The Likeness
- Author: Tana French
- Language: English
- Series: Dublin Murder Squad
- Genre: Mystery
- Publisher: Viking Penguin
- Publication date: 17 July 2008
- Publication place: Ireland
- Media type: Print (paperback)
- Pages: 466
- ISBN: 978-0143115625
- Dewey Decimal: 823/.92 22
- Followed by: Faithful Place

= The Likeness =

Book by Tana French

The Likeness is a 2008 mystery novel by Tana French. Set in Ireland, it is the second volume in French's Dublin Murder Squad series. The Likeness and In the Woods, the first book of the series, are the inspiration for the BBC and Starz's 2019 Dublin Murders, an eight-episode series.

== Plot summary ==
The story follows the efforts of detective Cassie Maddox to determine the circumstances surrounding the death of Lexie Madison, a young woman who is her doppelgänger. The dead woman not only resembles Cassie but also was living under an alias the detective used in an earlier undercover assignment. A senior police officer, Frank Mackey, convinces Cassie to impersonate the dead woman to investigate her death and to discover who she really was.

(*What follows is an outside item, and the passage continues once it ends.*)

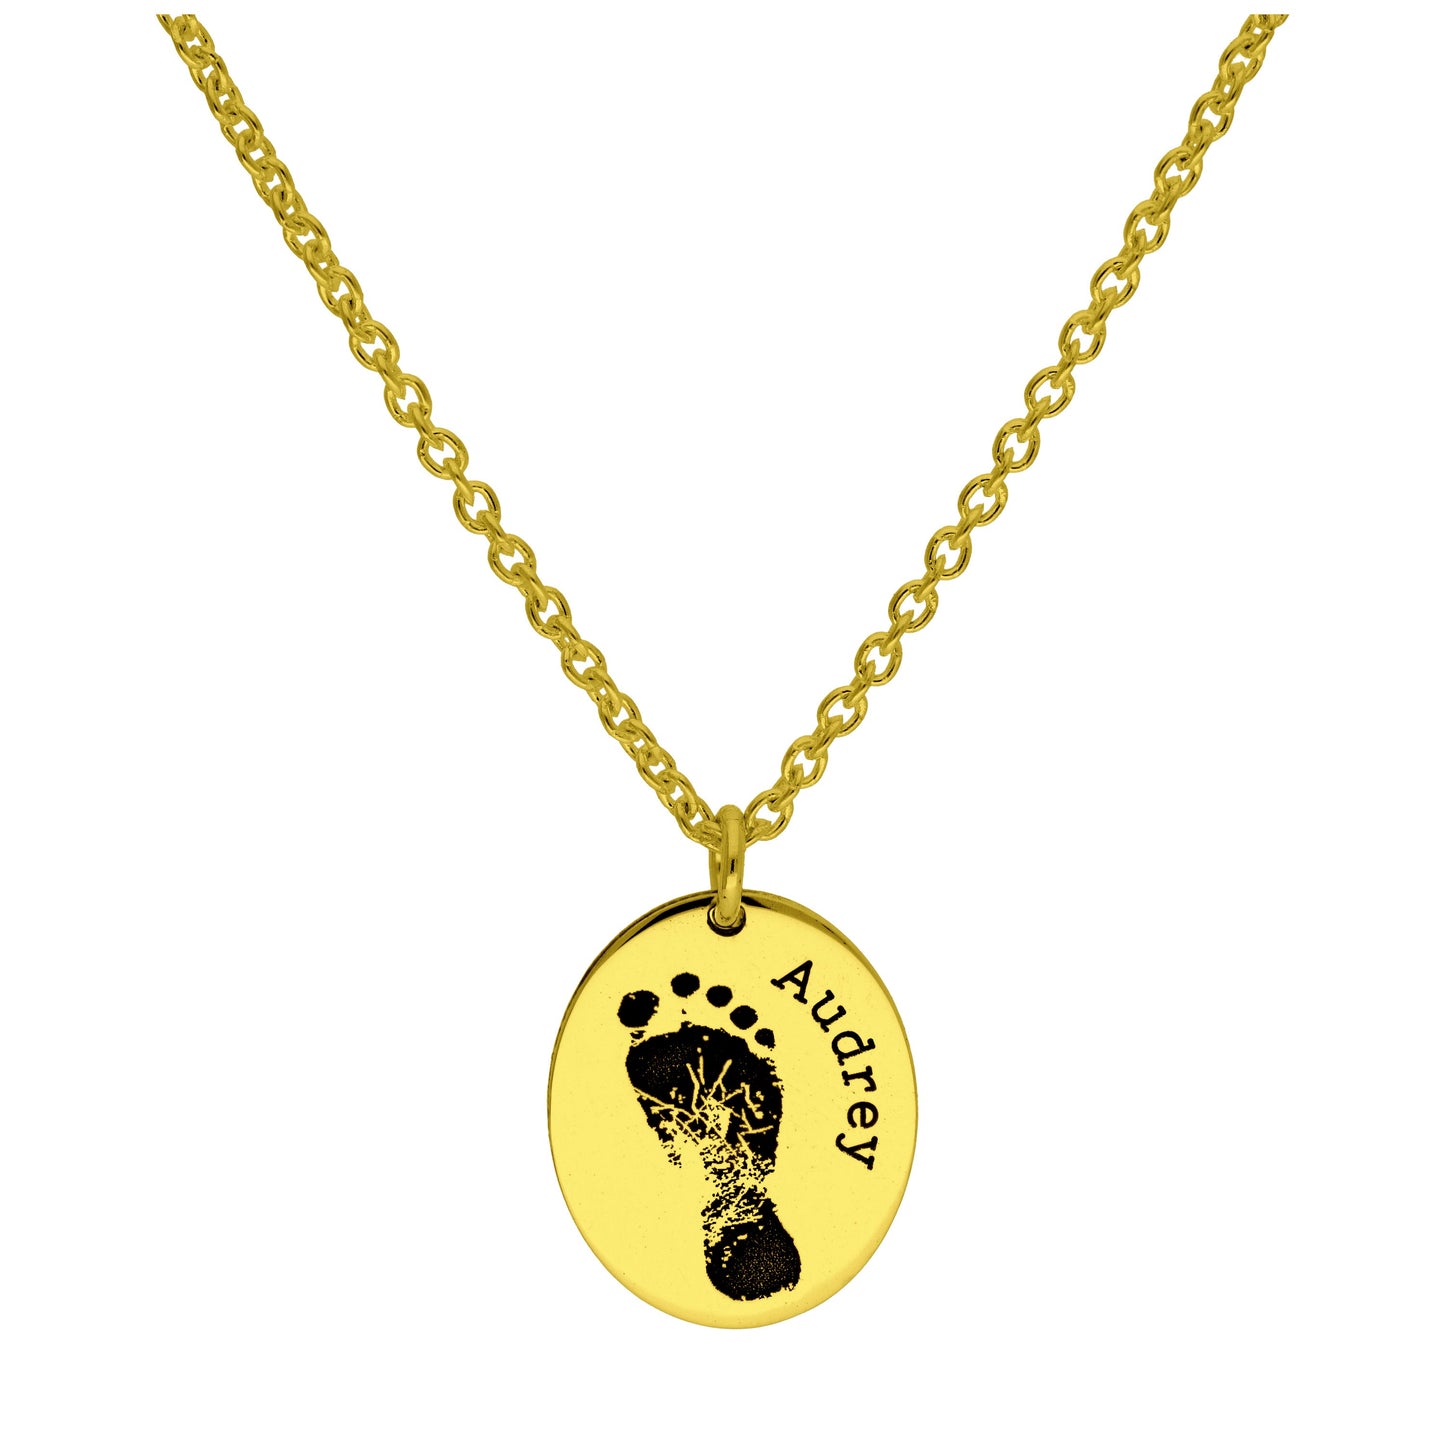 Bespoke Gold Plated Sterling Silver Footprint Oval Name Necklace 16 - 24 Inches

As the investigation proceeds, Cassie becomes consumed by her impersonation of the murder victim. She forms deep bonds with the dead girl’s four housemates, who are suspects in the murder. Boundaries begin to blur between Cassie's real and undercover identities.

== Continuity ==
Cassie Maddox was a character in French's 2007 In the Woods. Her partner in In the Woods, Adam "Rob" Ryan, is mentioned briefly in The Likeness. Frank Mackey appears in French's later novels Faithful Place (2010) and The Secret Place (2014).

== Critical reception ==
In 2009 the book was shortlisted for the first annual Ireland AM Crime Fiction Award.

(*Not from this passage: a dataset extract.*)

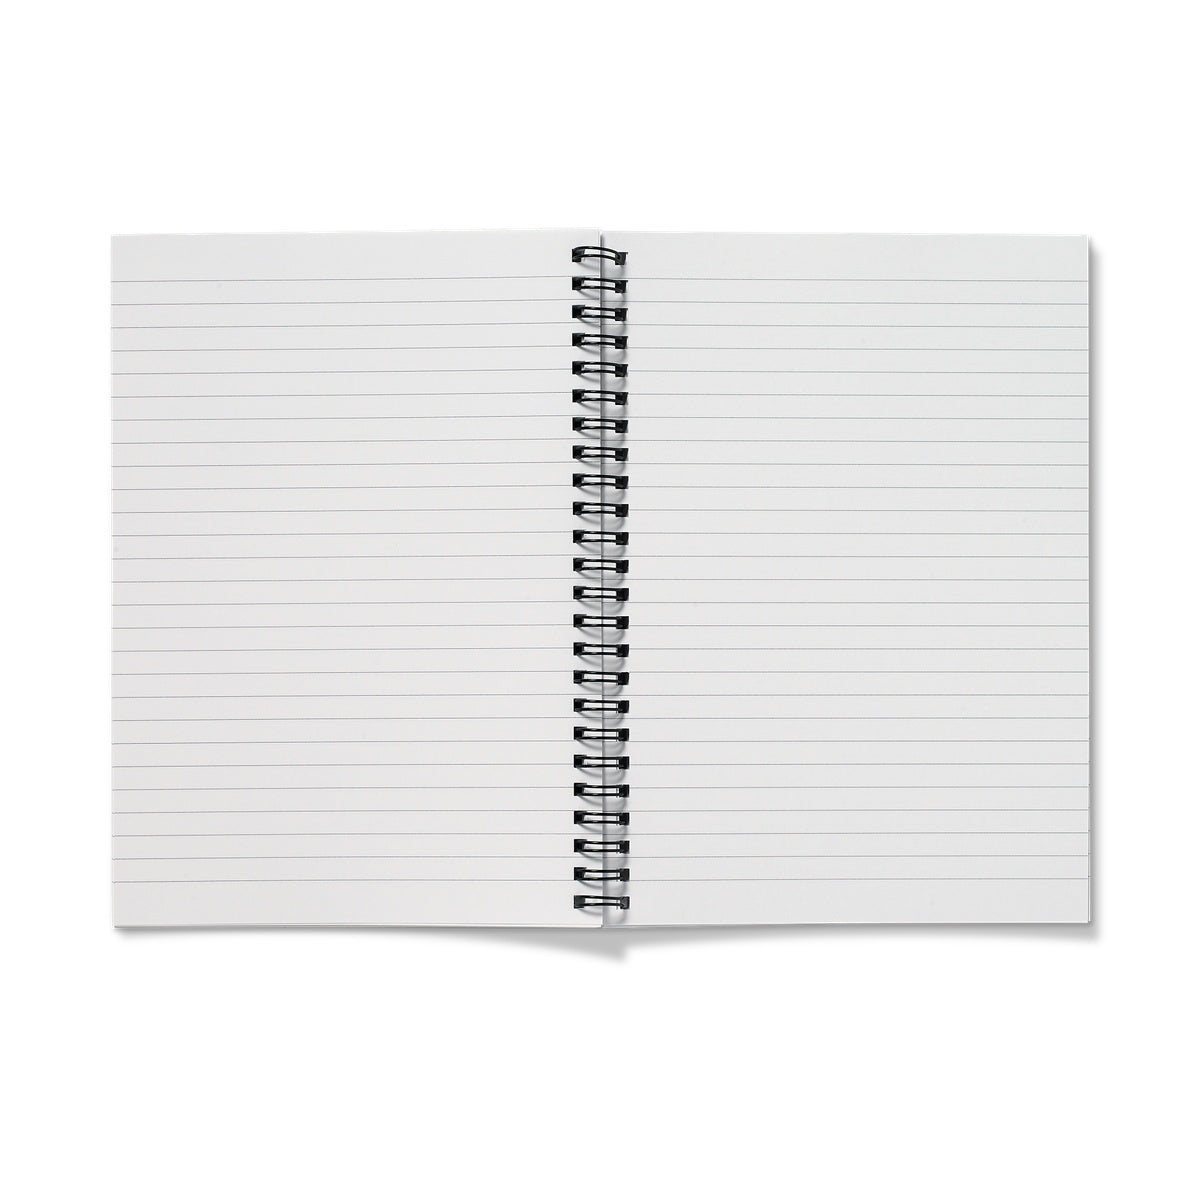 Count Your Stripes Notebook

The Irish Independent praised the "elegance and insight" of French's writing and described the book as "a brilliant thriller, beautifully written." Laura Miller of Salon.com included the book among the ten on the Salon Book Awards 2008, writing that "The hypnotic prose and eerie atmosphere conspire to make this ostensible mystery novel much, much more than it appears to be." In a more critical vein, Janet Maslin of The New York Times commented that French "could have achieved the same effects much more succinctly in a more tightly edited version of this same story. But Cassie herself remains a strong enough character to sustain interest."